Helen Bishop (1891-1992), a native of Oregon, came to Laramie in 1925 to become the Dean of Women at the University of Wyoming and stayed for over 60 years.
She arrived when there were about 200 female UW students and 700 males. With a ratio of 3.5 men to every woman, it was important for someone to keep a close eye on women students. Bishop, fresh from a 5-year stint as a residence hall director at the University of Michigan, applied.
President Arthur Crane quickly hired her. There were two women’s dormitories at the time; Hoyt and Merica Halls. She became the director of Hoyt, lived there, and was responsible for the well-being of all female students as Dean.

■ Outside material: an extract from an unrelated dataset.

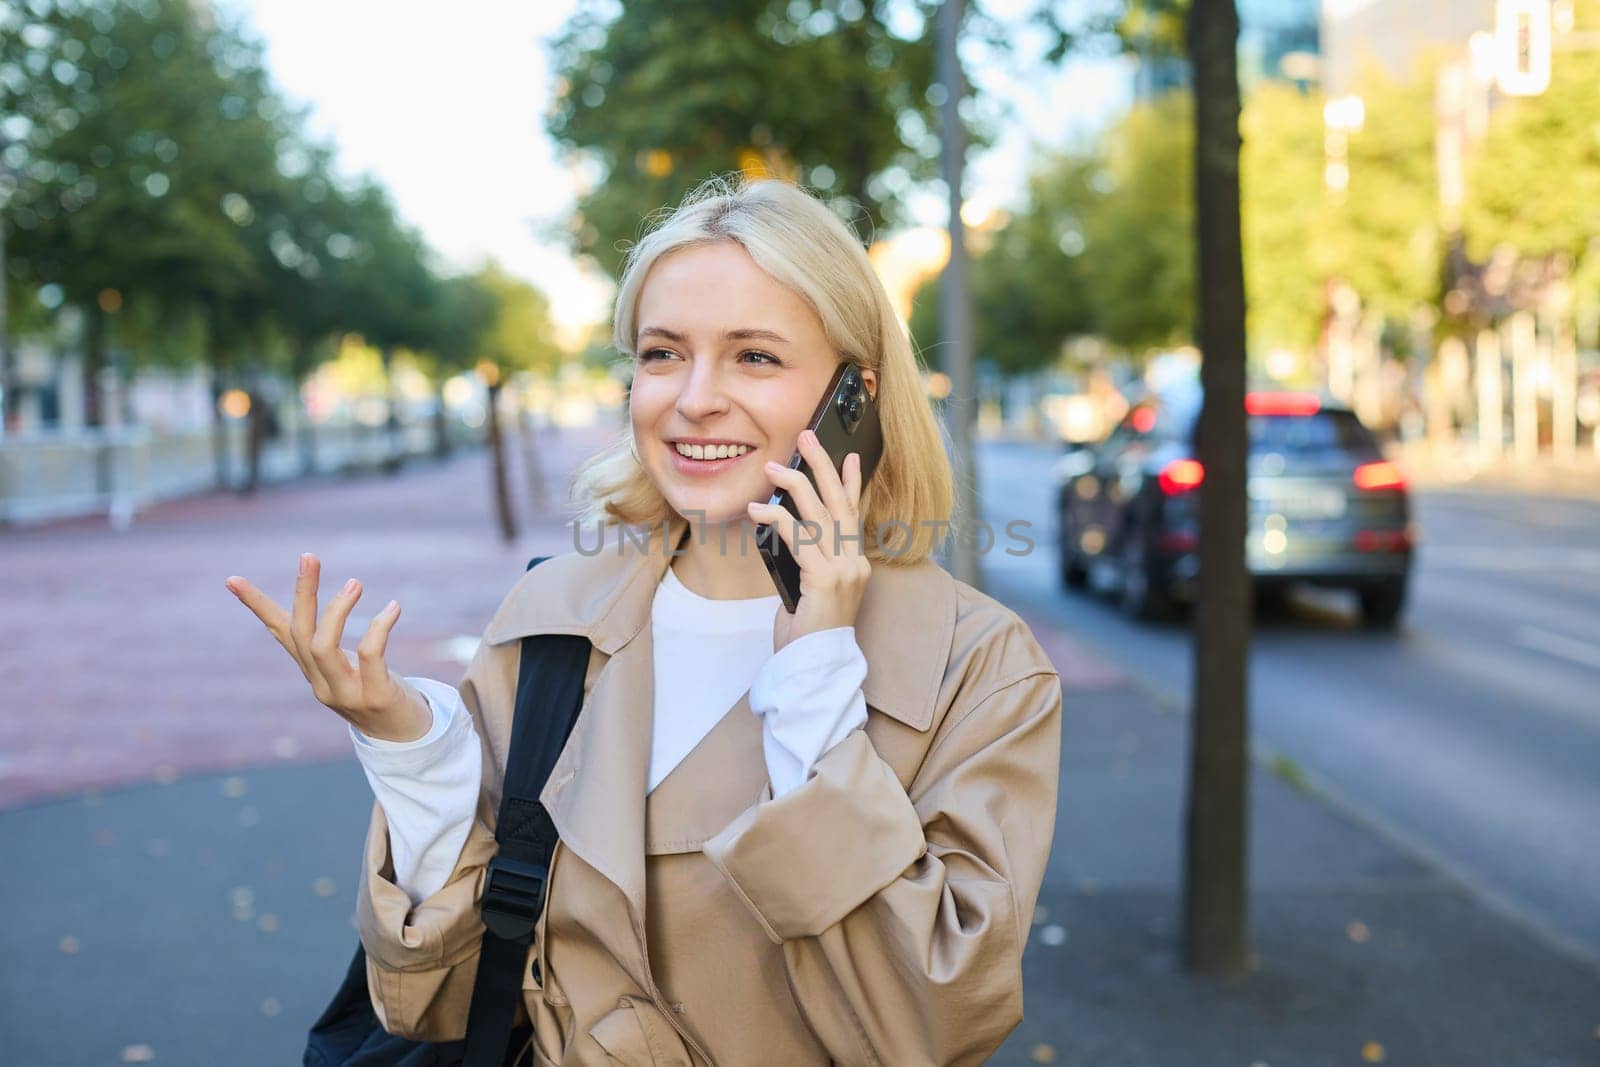 Close up portrait of beautiful young woman, blonde girl walking on street with mobile phone, chatting with friend, has happy face expression while talking over cellphone on her way.

Some women had to secure board and/or room in private residences. When housekeeping in lieu of payment was offered, she required that students work no more than one hour per day for room; two hours per day if meals were provided.
Dean Bishop was appalled that the women’s dormitories had double beds for two to share. As a physician’s daughter and dietetics graduate from Columbia University (1915), she had enough knowledge of contagious diseases to know this was unsatisfactory. She conducted a running battle with President Crane for a change. It took a year, but Crane relented, and “Walter Jensen of Laramie Furniture Company worked around the clock to remove all the double beds and replace them with singles for the opening of UW in 1926,” as she recalled later.
In 1928, she married Theodore John “T.J.” Dunnewald, a soil scientist in the UW College of Agriculture. They were on leave from UW in the 1930-31 academic year at the University of Wisconsin. Upon return to Laramie, they learned that “all married women will be dropped from the payroll” in an austerity move which the Wyoming State Legislature adopted during the Great Depression. So she was out of a job; T.J. went back to his faculty position.
Their son John was born in 1934, the same year they bought a house close to campus at 401 South 15th Street (SE corner of 15th and Garfield), when it was bordered by prairie to the south and east. Their daughter Alice was born in 1936. Helen Dunnewald was in her 40’s when both children were born, so her sole occupation for a while was family life.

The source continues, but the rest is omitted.